After love and dependability, people want a partner who is emotionally stable and of a pleasing nature as this indicates that the male will be willing to provide resources and continue his investment. It is no use finding a mate who has plentiful resources but who would be unwilling to invest them. Selection should also have favoured mechanisms in the female designed to detect and prefer males who were willing to convert status and resources into paternal assistance, La Cerra (1994). Kindness would be regarded as conducive to mutual investment in off spring. Therefore forming a long-term relationship with an untrustworthy, unreliable person of appalling disposition would not have boded well for ancestral people. The children of a stable relationship would be much more likely to survive.

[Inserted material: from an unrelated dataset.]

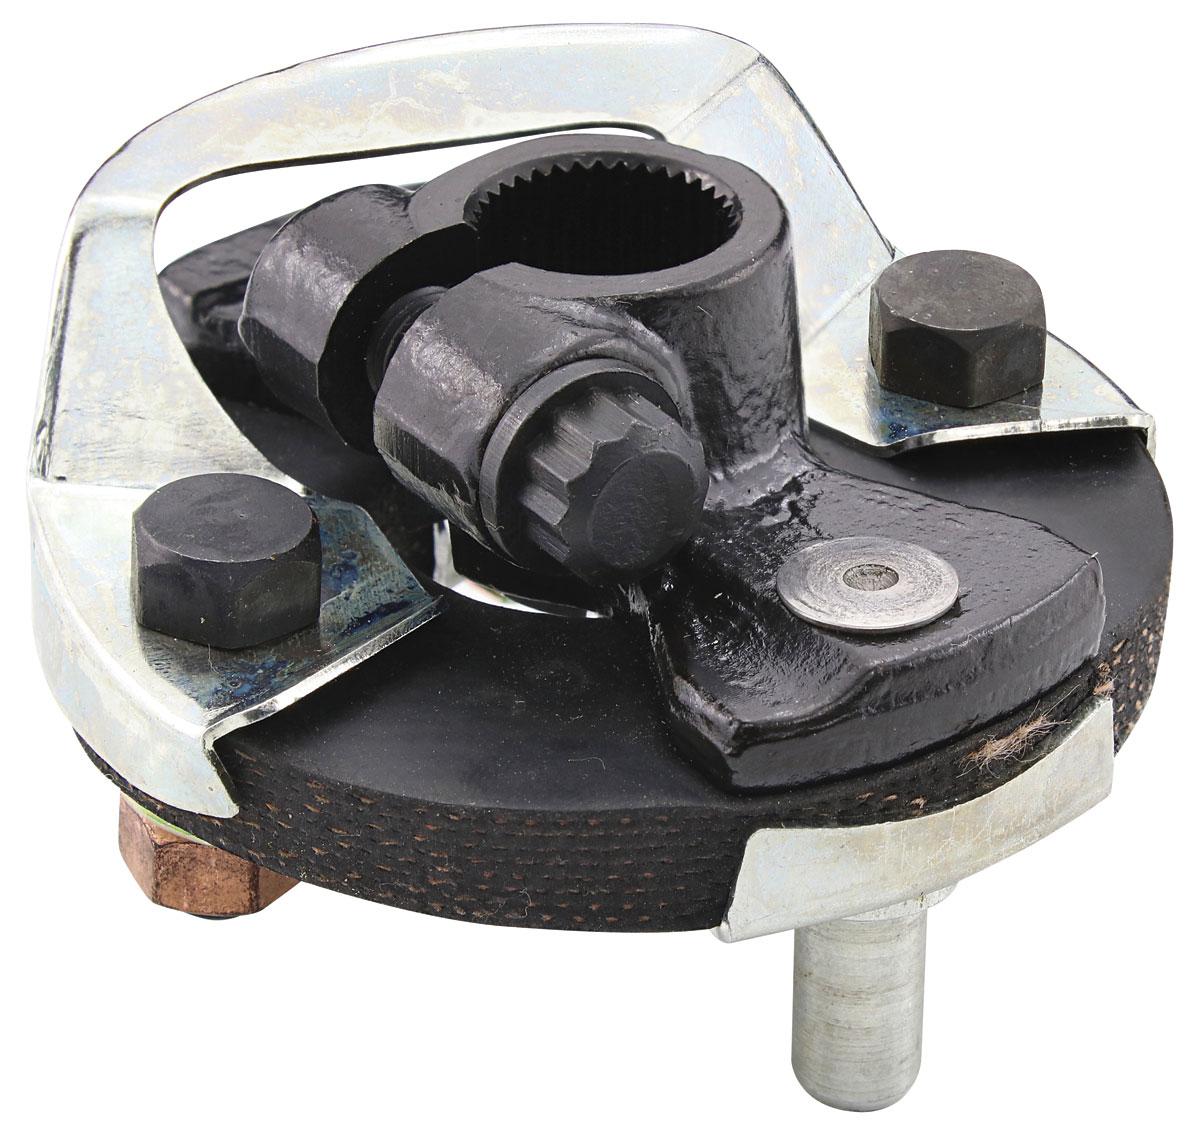 cpp 1964 72 chevelle steering box coupler manual 3 4 36 spline rh opgi com Chevy Power Steering Pump Installation Power Steering Hose Repair Kit

However some have criticized the evolutionary explanation for human mate selection criteria and offer a cultural explanation. Mead (1968) as cited by Workman and Reader (2004) suggested that because humans vary so much between cultures, in their mating strategies, reproductive behaviour is culturally determine and unrelated to an evolutionary past. Importance of certain preferences varies between cultures. Specific cultural variables need to be looked at more closely to understand why they differ so much.
Developmental flexibility allows humans to adjust to social and economic circumstances within society. suggest that women's decision to seek short or long term mates may depend on environmental circumstances at the time they mate. If the child is going to be born into a world dominated by death and disease it would make sense to mate with a man rich in good genes. On the other hand, if a woman is in an environment where she has difficulty obtaining resources she should favour mating with men of high status and power who exhibit good parenting skills.